Brace for more interest rate hikes this year: Powell – InsuranceNewsNet

Recent high gasoline prices and record levels of inflation have made the past year difficult for most Americans. But for those with adjustable rate debt, things could get even worse before they get better.

In a necessary response to record levels of inflation, the Federal Open Market Committee of the Federal Reserve approved a quarter-percentage-point hike in its benchmark federal funds rate.

Federal Reserve officials have signaled an aggressive path of interest rate hikes ahead, with rate hikes expected at each of the next six Federal Reserve meetings to be held this year.

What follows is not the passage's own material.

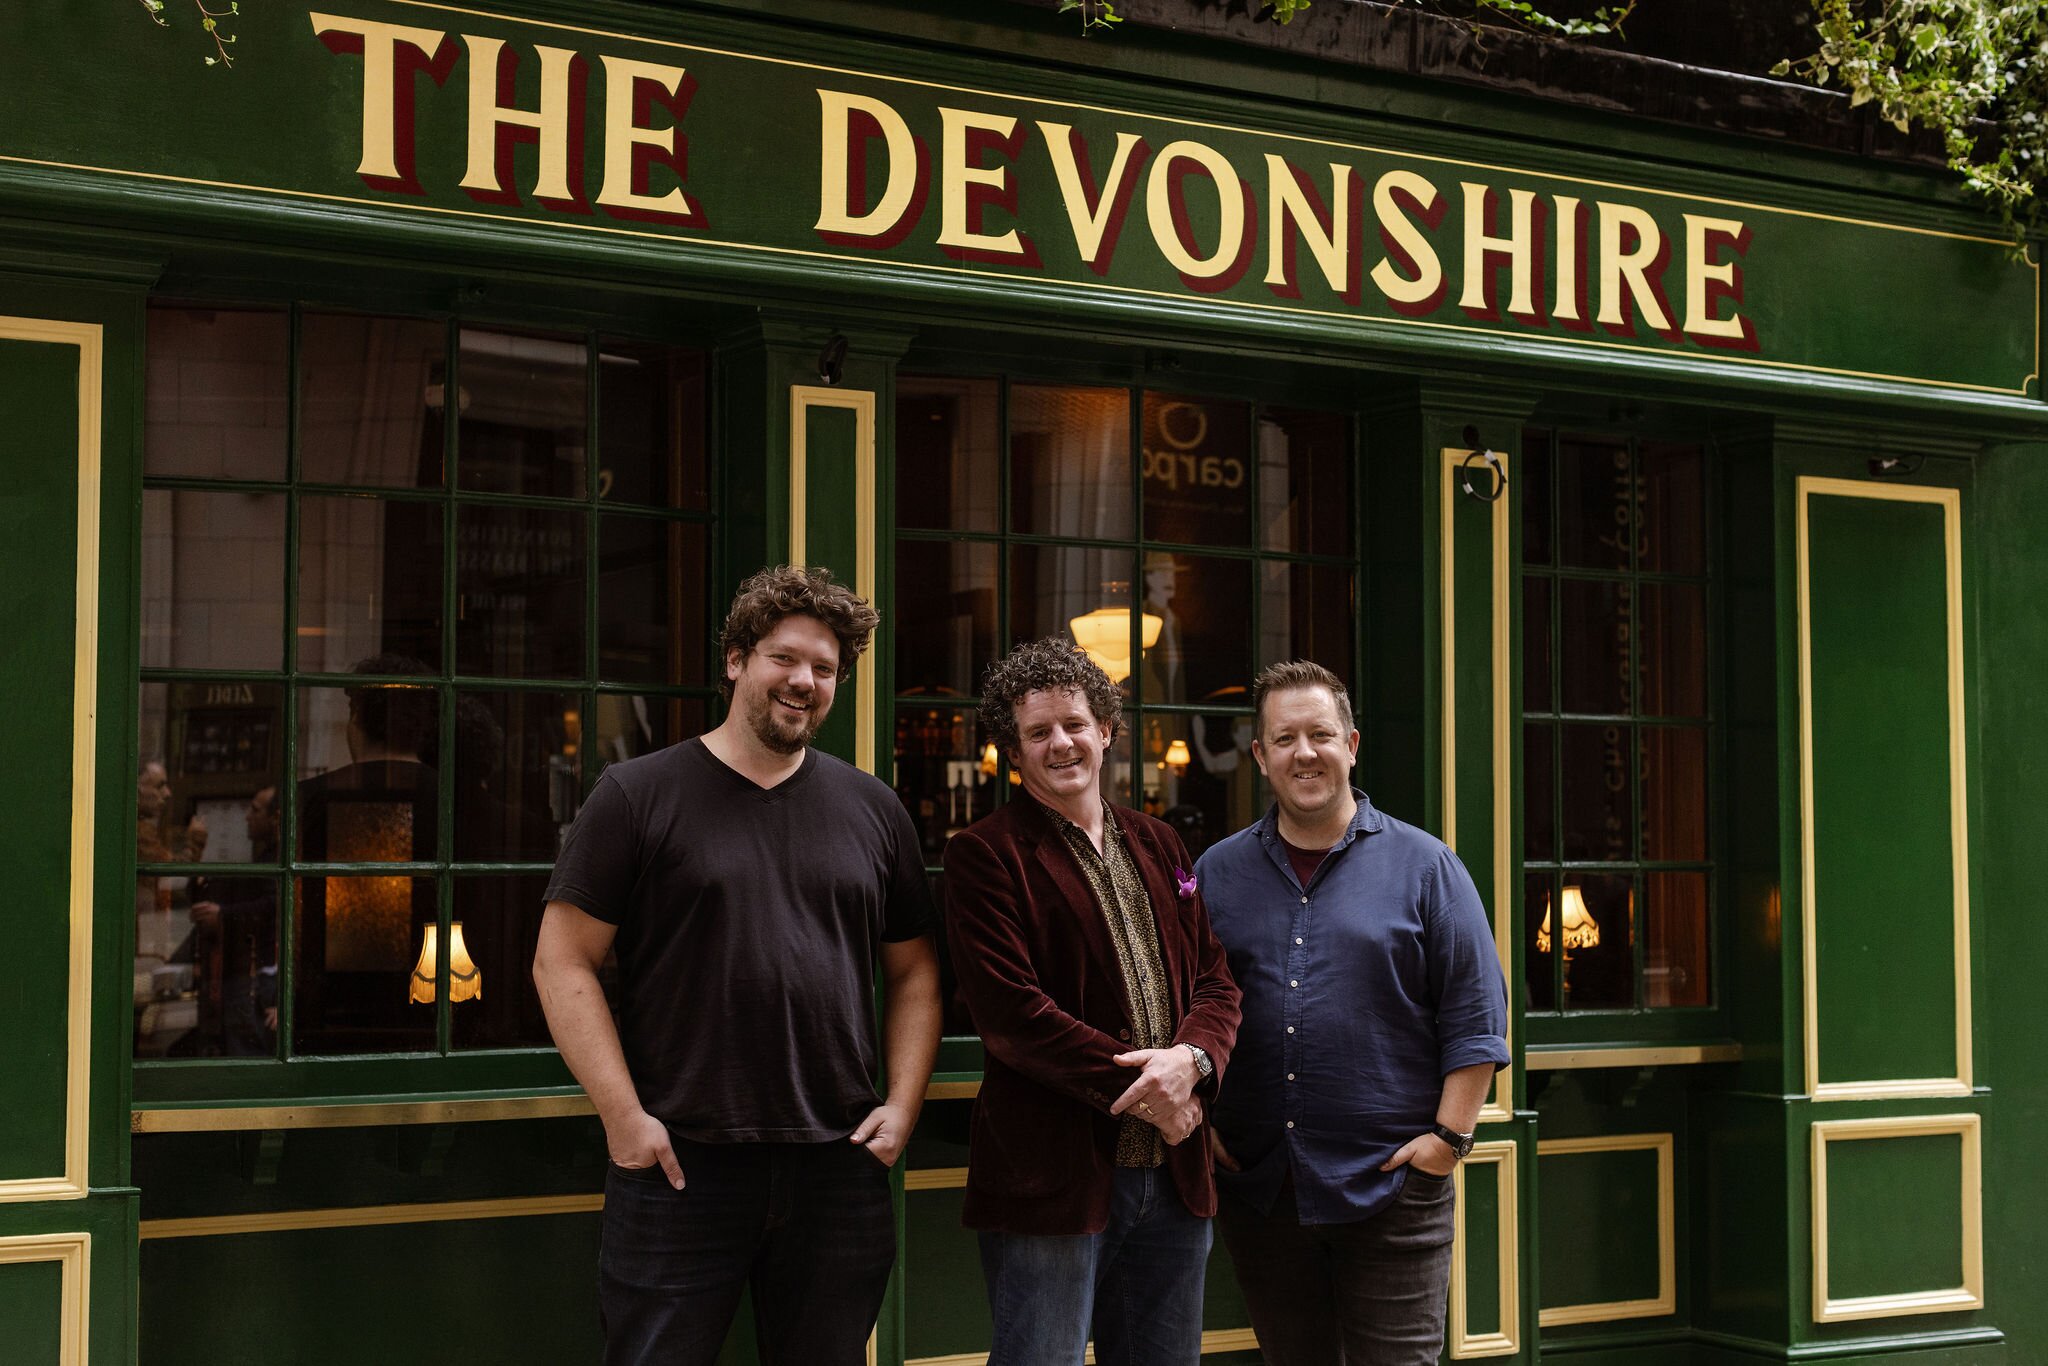 Ashley Palmer-Watts joins the Devonshire pub as co-founder
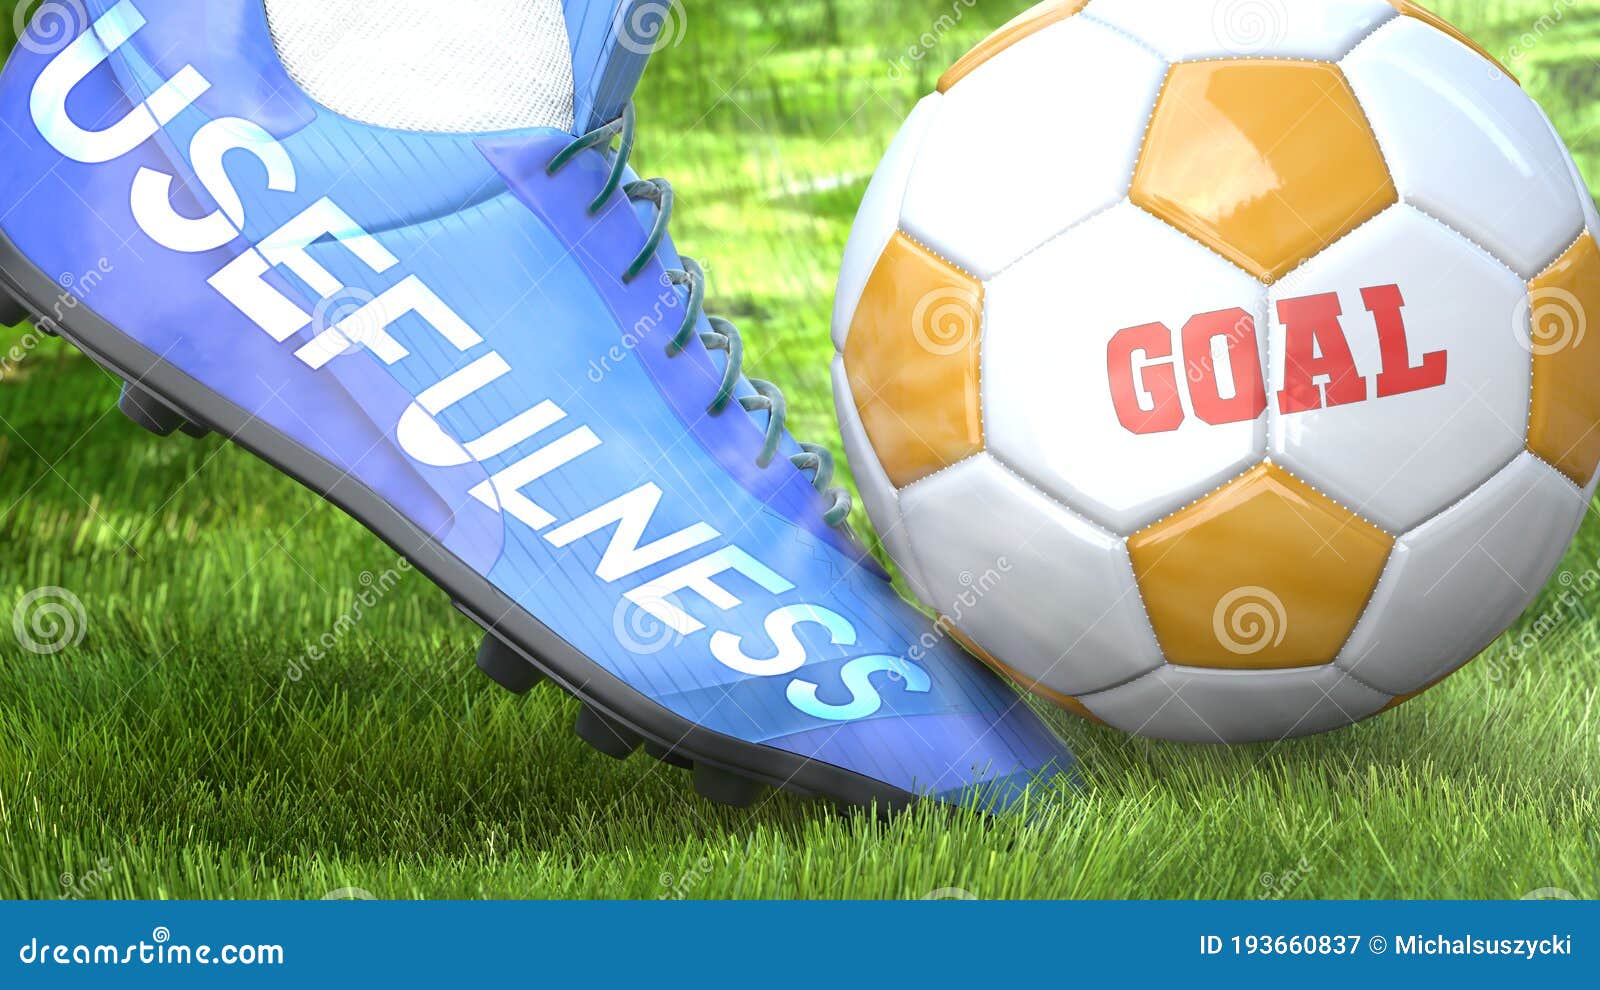 usefulness and a life goal - pictured as word usefulness on a football shoe to ize that usefulness can impact a goal and is

The federal funds rate is the rate banks charge each other for short-term cash loans or bank reserves. The federal funds rate, however, affects many other important interest rates in our economy, such as US Treasury rates, prime rate, mortgage rates, and rates on consumer savings and checking accounts.

While our national debt recently exceeded $30 trillion, about $8 trillion is borrowed from the Social Security Trust Fund, leaving only $22.3 trillion held by investors in the form of US Treasury bonds, notes and bonds. As interest rates rise, so do US Treasury rates and the costs of maintaining our ever-increasing national debt.

In 2021, with historically low interest rates, the federal government spent $378 billion to cover interest payments on the national debt. But for every quarter-point increase in US Treasury rates, the cost of financing our national debt increases by about $56 billion a year.

Assuming the Federal Reserve achieves its target of seven interest rate hikes this year, with a total increase of about 1.75%, this would correspond to a cost increase of about $390 billion, which would total over $768 billion. That’s more than we spent on Medicare last year. Maybe it’s time to tighten our belts with the federal budget?

As individuals, we need to be aware of the impact these interest rate hikes could have on our budgets as well. Many of us have debts that are associated with adjustable or variable rates.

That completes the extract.